- Title: '20 years of American damage,' say Afghans as U.S. set to complete withdrawal
- Date: 30th August 2021
- Summary: KABUL, AFGHANISTAN (AUGUST 30, 2021) (REUTERS) PAN OF KABUL AT NIGHT CARS WITH HEADLIGHTS ON / PEOPLE WHISTLING AND CHEERING ON ROAD CROWDS GATHERED (SOUNDBITE) (Pashto) UNIDENTIFIED KABUL RESIDENT, SAYING: "Today is the last night of the 20 years of the American troops' occupation. During these 20 years, the Americans have done a lot of damage to the Afghan state. What will happen to the Afghan state after this? I appeal to all our political leaders, elders, and young people, 'Let's take our matters into our own hands. How long will we remain dependent on foreigners? Let's put our homeland together ourselves.' " VEHICLE TRAFFIC (SOUNDBITE) (Dari) UNIDENTIFIED KABUL RESIDENT, SAYING: "Today is the day of the departure of the Americans. After the departure of the foreigners, Afghans should start building their homeland again. They should resolve all political differences through dialogue, and take concrete steps for the construction, stability, and peace of the country, and take such measures for security that in the future the security of Afghanistan is never jeopardized." KABUL AT NIGHT
- Embargoed: 13th September 2021 21:28
- Keywords: 20 year war Afghans Barack Obama Donald Trump George W. Bush Joe Biden Kabul Osama Bin Laden Taliban vox pops
- Location: KABUL, AFGHANISTAN
- City: KABUL, AFGHANISTAN
- Country: Afghanistan
- Topics: Asia / Pacific,Conflicts/War/Peace
- Reuters ID: LVA001ESGZJ9J
- Aspect Ratio: 16:9
- Story Text:EDITORS PLEASE NOTE: QUALITY AS INCOMING
Jubilant Kabul residents cheered and honked their car horns late on Monday night (August 30) as American troops were due to finish their full withdrawal from Afghanistan after a 20-year war.

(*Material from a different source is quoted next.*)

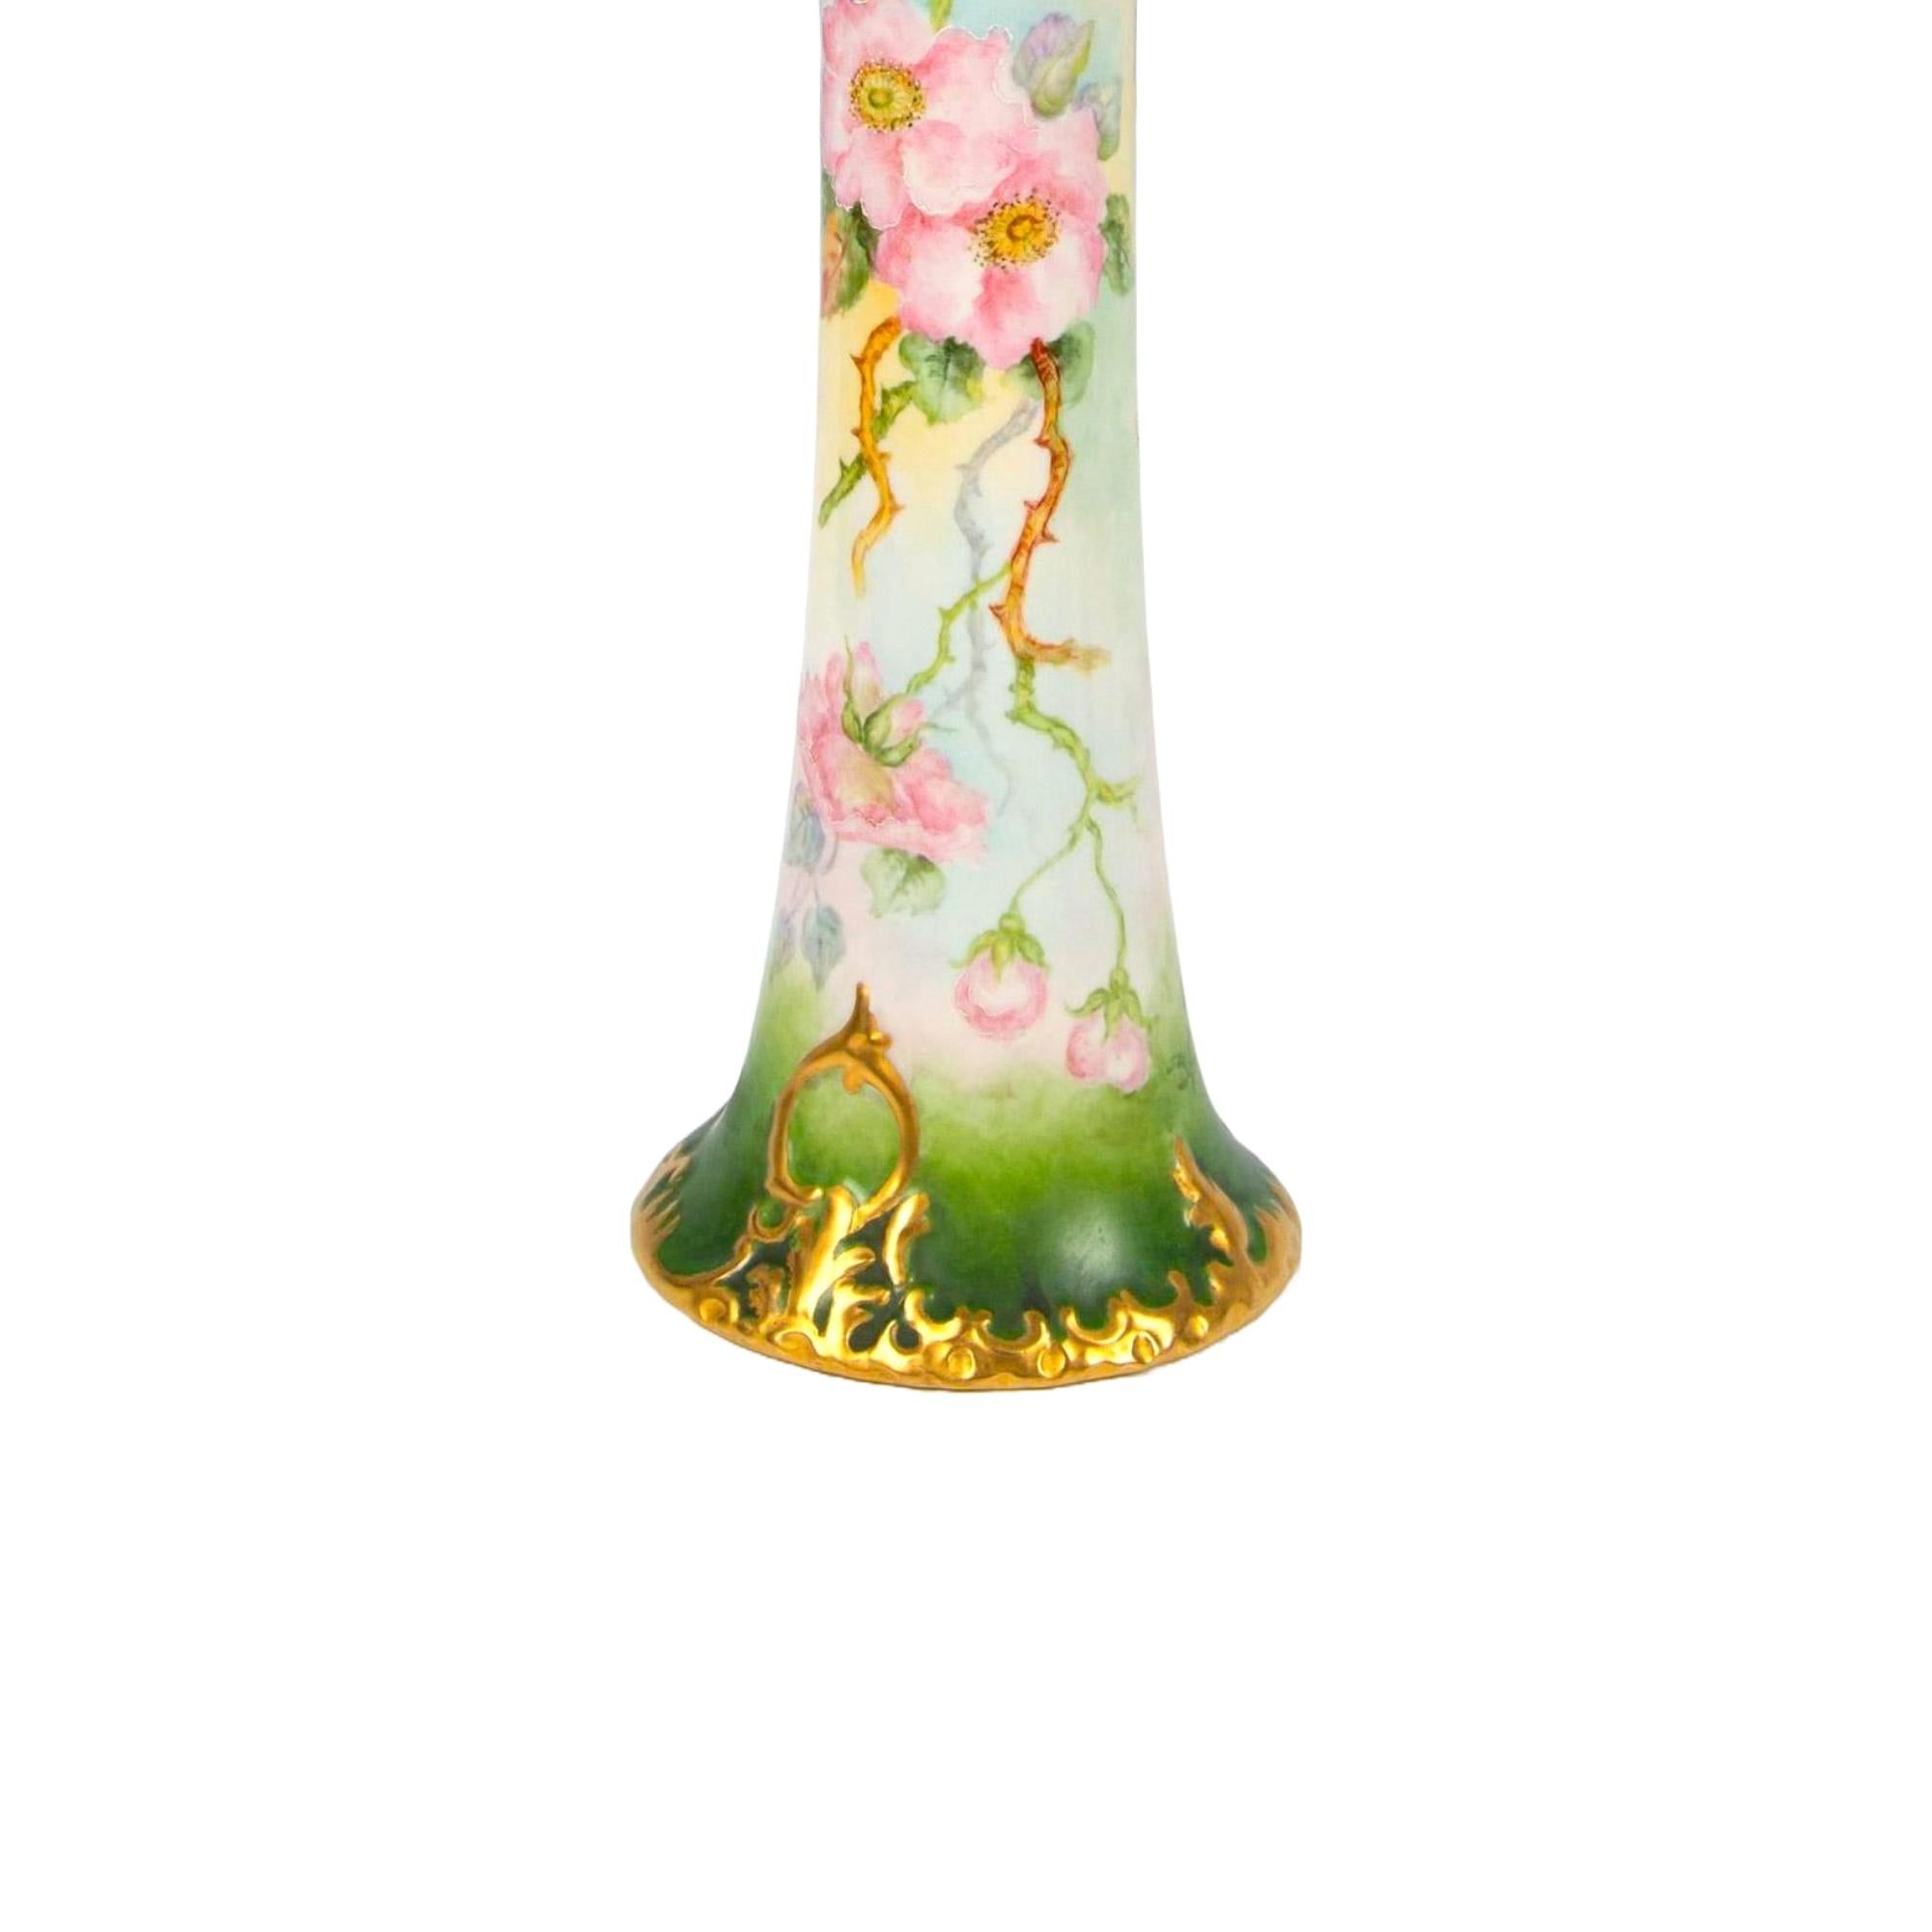 American Antique Hand-painted & Gilt Decorated Tall Porcelain Rose Vase / Belleek Willets For Sale
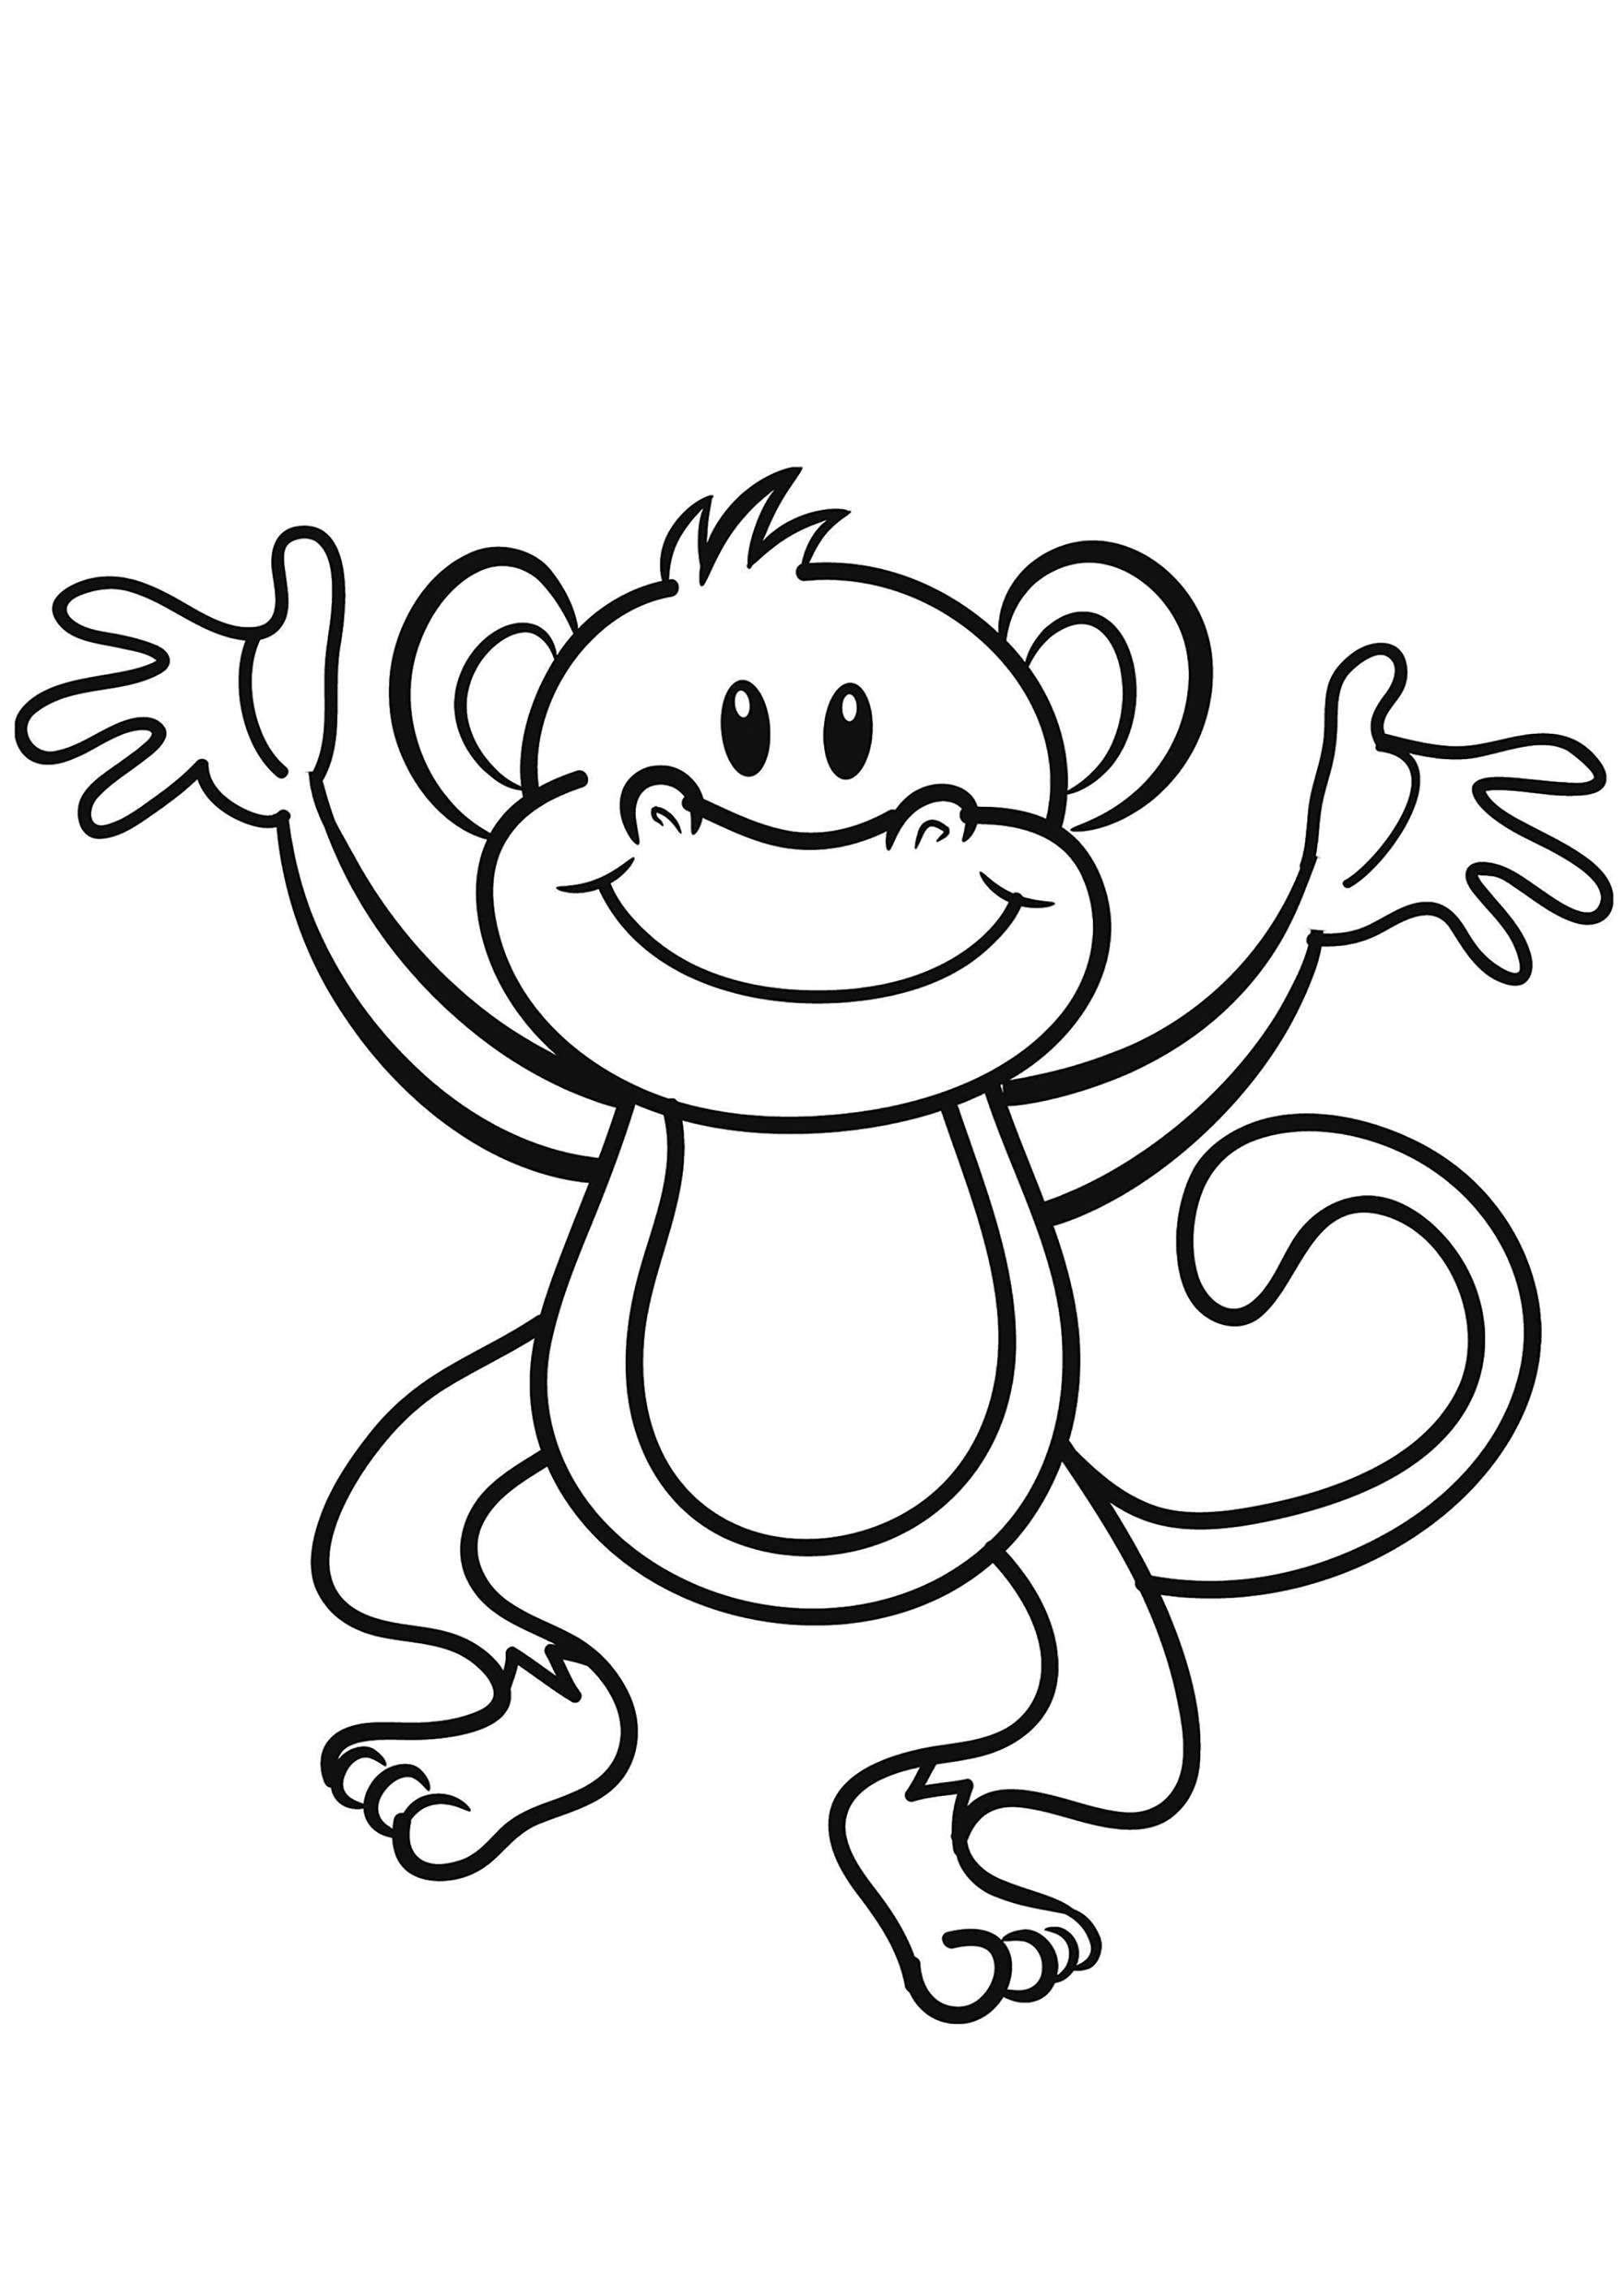 introducing-merry-monkey-colouring-pictures-focusing-on-analyze-your-tickle-spot-koifishshop

"Today is the last night of the 20 years of the American troops' occupation. During these 20 years, the Americans have done a lot of damage to the Afghan state," said one unidentified Kabul resident.
"What will happen to the Afghan state after this?" he added.
The street celebration came as the United States was due to announce it had completed the withdrawal of its forces from Afghanistan following a chaotic airlift nearly 20 years after it had invaded the country in the wake of Sept. 11, 2001, attacks on America.
More than 122,000 people have been flown out of Kabul since Aug. 14, the day before the Taliban - which harbored the al Qaeda militant group blamed for the 2001 attacks on New York and Washington - regained control of the country.
The chief U.S. diplomat in Afghanistan, Ross Wilson, was on the last C-17 flight out, Marine General Frank McKenzie, the head of the U.S. Central Command, told a Pentagon news briefing.
The emergency air evacuation came to an end before a Tuesday deadline set by U.S. President Joe Biden, who inherited a troop withdrawal deal made with the Taliban by his predecessor Donald Trump and decided earlier this year to complete the pullout.
The United States and its Western allies scrambled to save citizens of their own countries as well as translators, local embassy staff, civil rights activists, journalists, and other Afghans vulnerable to reprisals.
The evacuations became even more perilous when a suicide bomb attack claimed by Islamic State - the enemy of both the West and the Taliban - killed 13 U.S. service members and scores of Afghans waiting by the airport gates on Thursday.
Biden, who faced intense criticism at home and abroad over his decisions, promised after the bloody Kabul airport attack to hunt down the people responsible.